Original URL: http://www.theregister.co.uk/2013/04/01/green_meteorite_mercury/

Veiny green 'scum' meteorite may be first visitor from Mercury

Four billion year-old Moroccan mystery explained

By Iain Thomson

Posted in Science, 1st April 2013 18:54 GMT

A mysterious green meteorite with a unique geological signature may have arrived on Earth thanks to an explosion on the surface of the Solar System's smallest planet, Mercury*.

The meteorite, dubbed NWA 7325, is actually a 345g package of 35 extraterrestrial stones formed around 4.56 billion years ago that were found in the southern deserts of Morocco last year. According to a paper presented at the 44th annual Lunar and Planetary Science Conference in Texas by meteorite scientist Anthony Irving, the sample looks to be our first recorded visitor from the Sun's closest planetary neighbor.

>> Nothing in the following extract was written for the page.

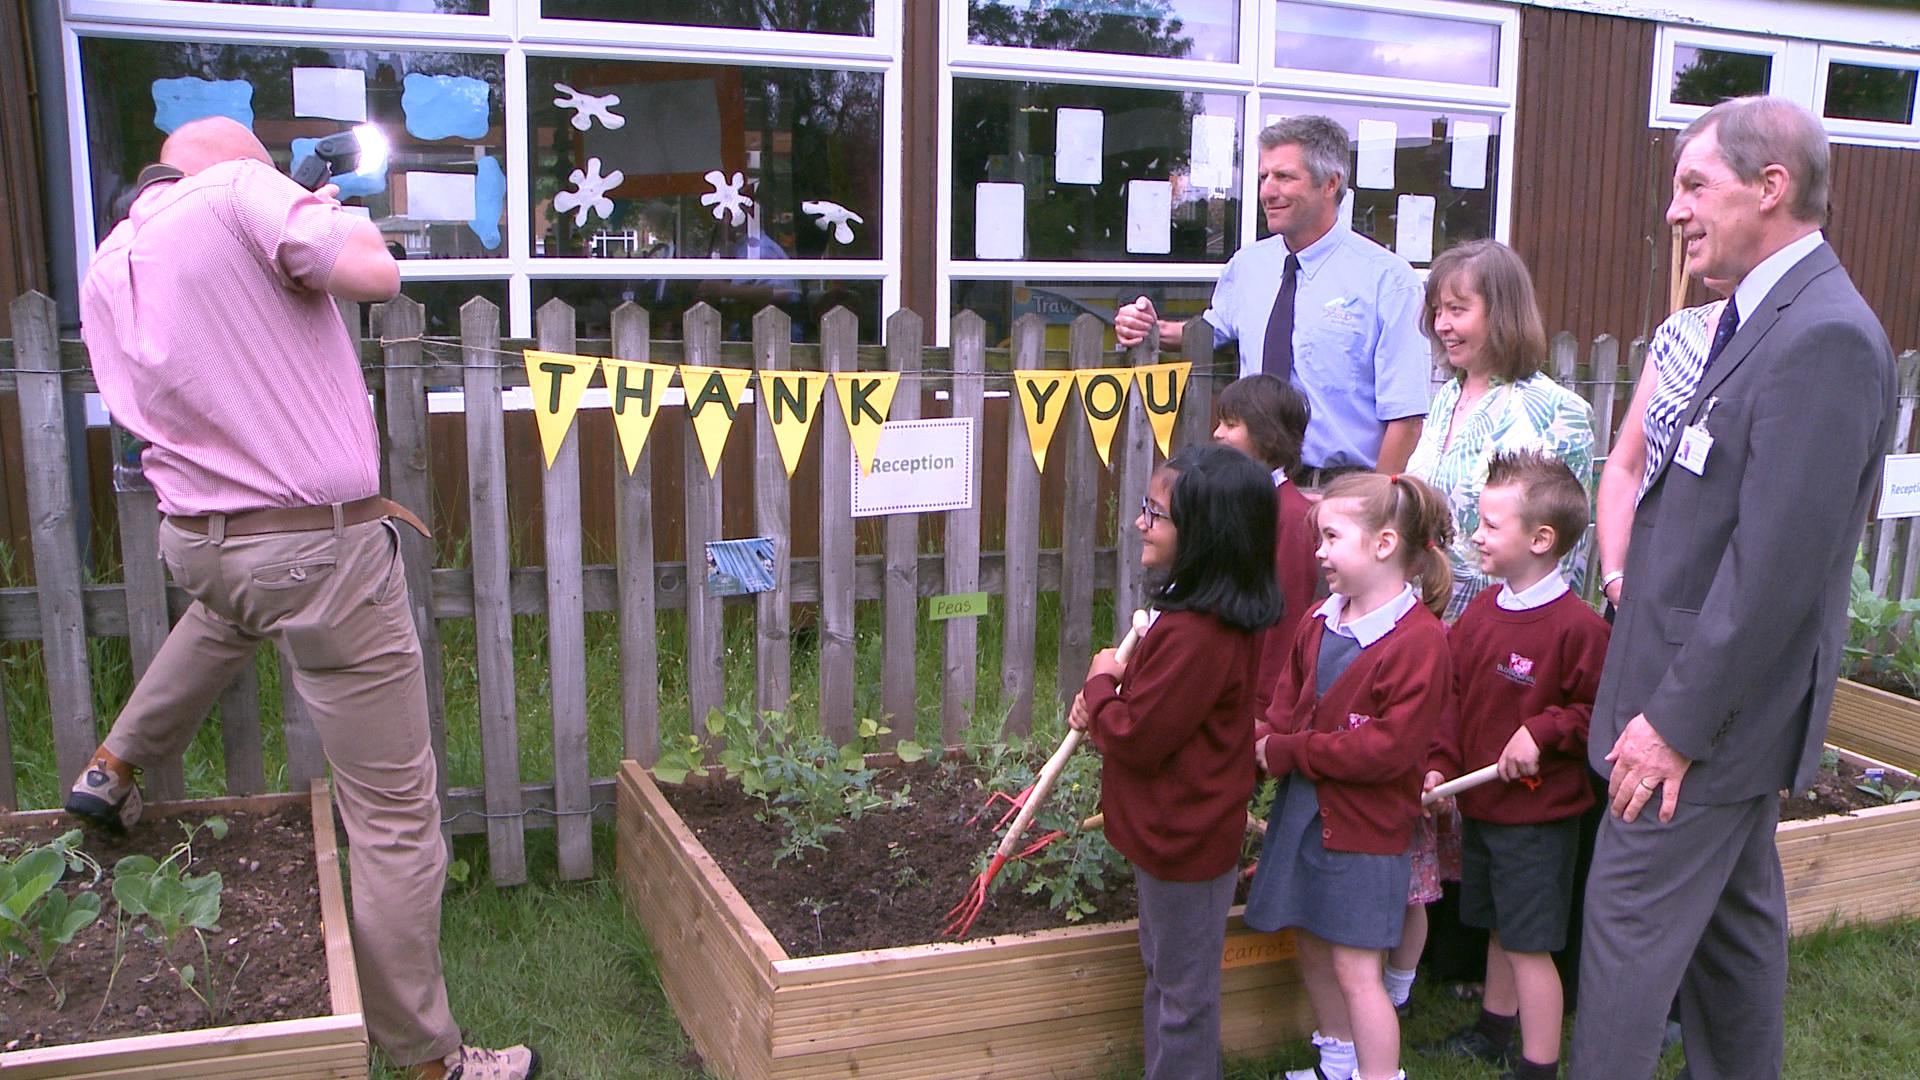 Blossomfield School

"It might be a sample from Mercury, or it might be a sample from a body smaller than Mercury but [which] is like Mercury," Irving said, Space.com reports.

The sample, with a "chartreuse-colored fusion crust," has the lowest magnetic intensity of any meteorite yet found, which is consistent from data sent back by NASA's MErcury Surface, Space ENvironment, GEochemistry, and Ranging (MESSENGER) orbiter, Irving said, and is very low in iron, an element Mercury looks to be lacking.

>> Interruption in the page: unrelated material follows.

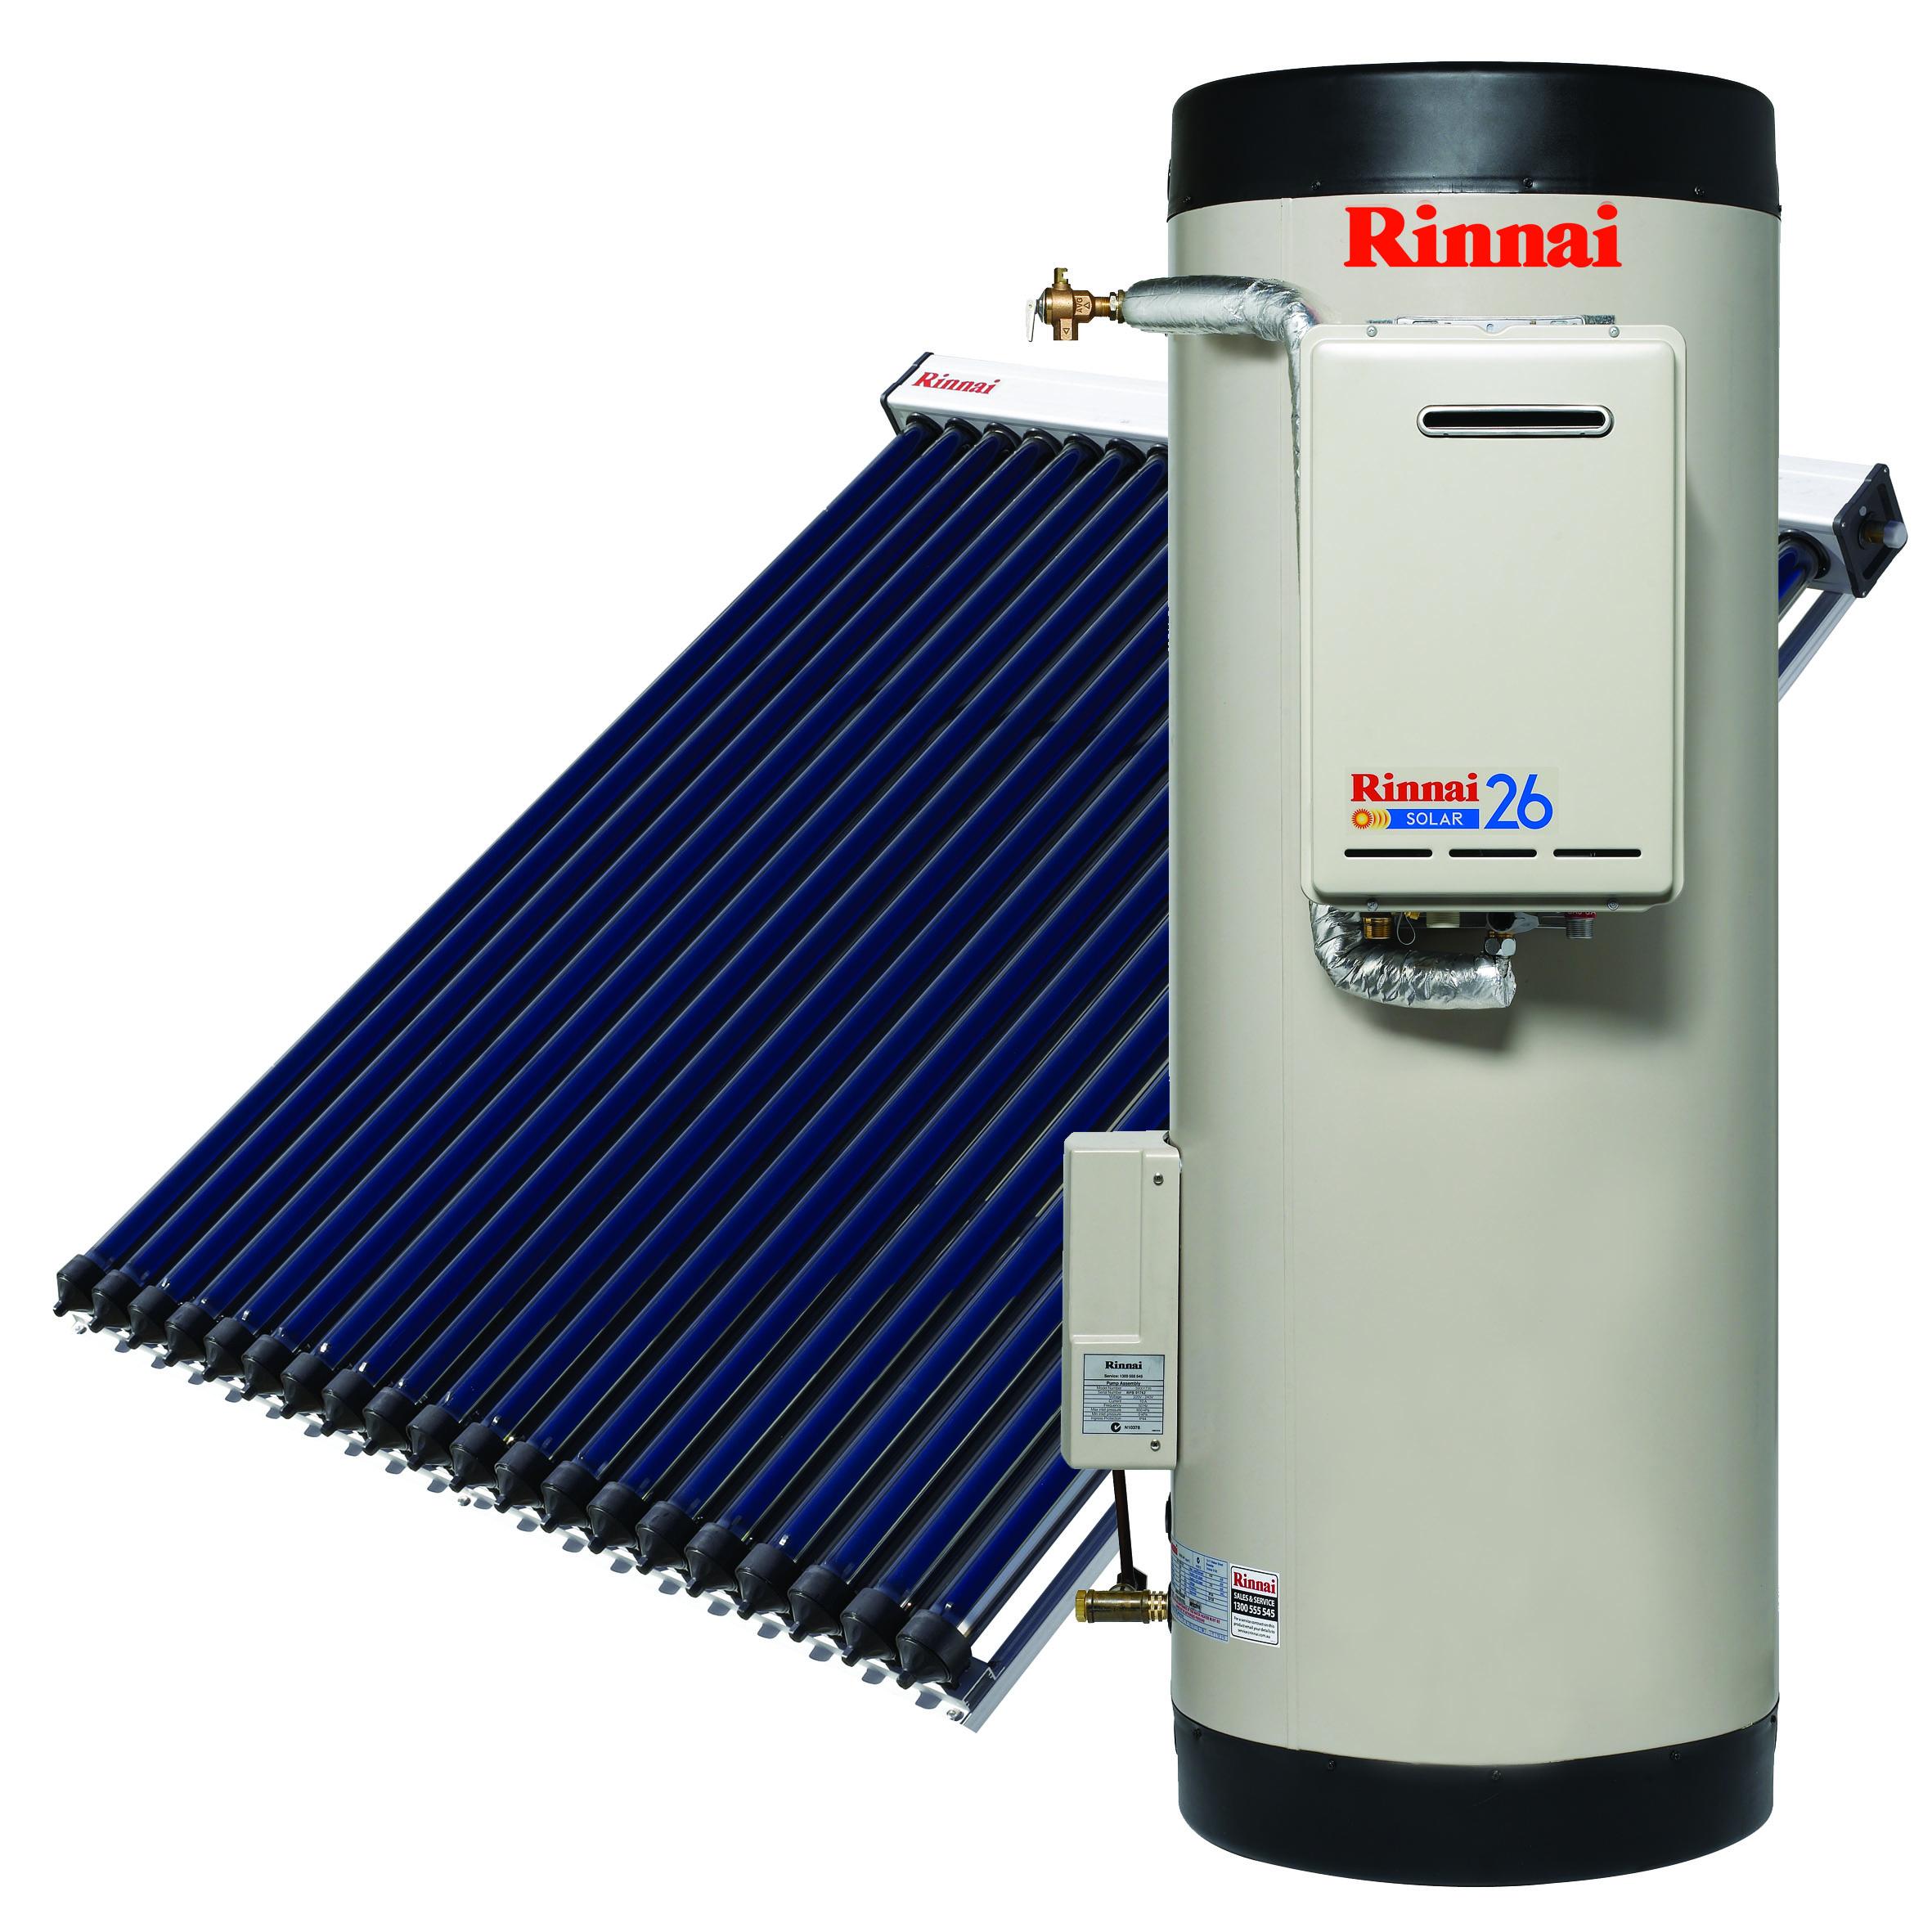 11c60ea1 4525 47fc b7ab 601995e0f53c - Solar Hot Water System

Transfer of material from one planet to another is surprisingly common, and samples of rocks from Mars and the almost-planet Vesta have been identified in meteorite specimens by looking at the chemical composition of the rock and matching it – as far as possible – to its source. Using similar methods, NWA 7325 looks to be a Mercurian candidate.

Mercury meteorite

First rock from the Sun?

The escape velocity (the speed needed to get out of a planet's gravity well) of Mercury is 4.3 km/s, less than that of Mars, and Irving postulates that the meteor formed as "scum" on top of a magma field and was ejected by either a volcanic explosion or impact from another body.

But all this is going to remain in the realms of hypothesis until we get more data back from Mercury, Irving explained. The Messenger probe, our first to the planet, has now completed its primary mission of mapping the planet's surface, and NASA is trying to get funding to keep the program running.

"We now have a healthy spacecraft in orbit around a planet that will not be visited by spacecraft again for more than 10 years," said principal investigator Sean Solomon of Columbia University's Lamont-Doherty Earth Observatory last month.

"Our scientific plans for a second extended mission build on past discoveries, can be accomplished with planned orbital observations, span an unprecedented phase of the solar cycle, and include extraordinarily low-altitude campaigns that will offer spectacular new views of Mercury's surface and near-surface environment. We hope that NASA will support the continued investigation of the most enigmatic of the inner planets."

The Messenger probe has sent back some remarkable data, including the existence of numerous volcanoes on the rocky crust, the discovery of ice in polar craters that close to the Sun, and a very sweet but mathematically-probable smiley face on the planet's surface. It'll be at least a decade before another mission is sent to Mercury, assuming funds can be found.

Nevertheless the probe's potential remains, and if Washington could get its funding sorted out we might find out if NWA 7325 is a valid sample or just an offshoot of another galactic flash in the pan. ®

* Bootnote

Sorry, Pluto fans – you lost your "smallest planet" bragging rights in August 2006.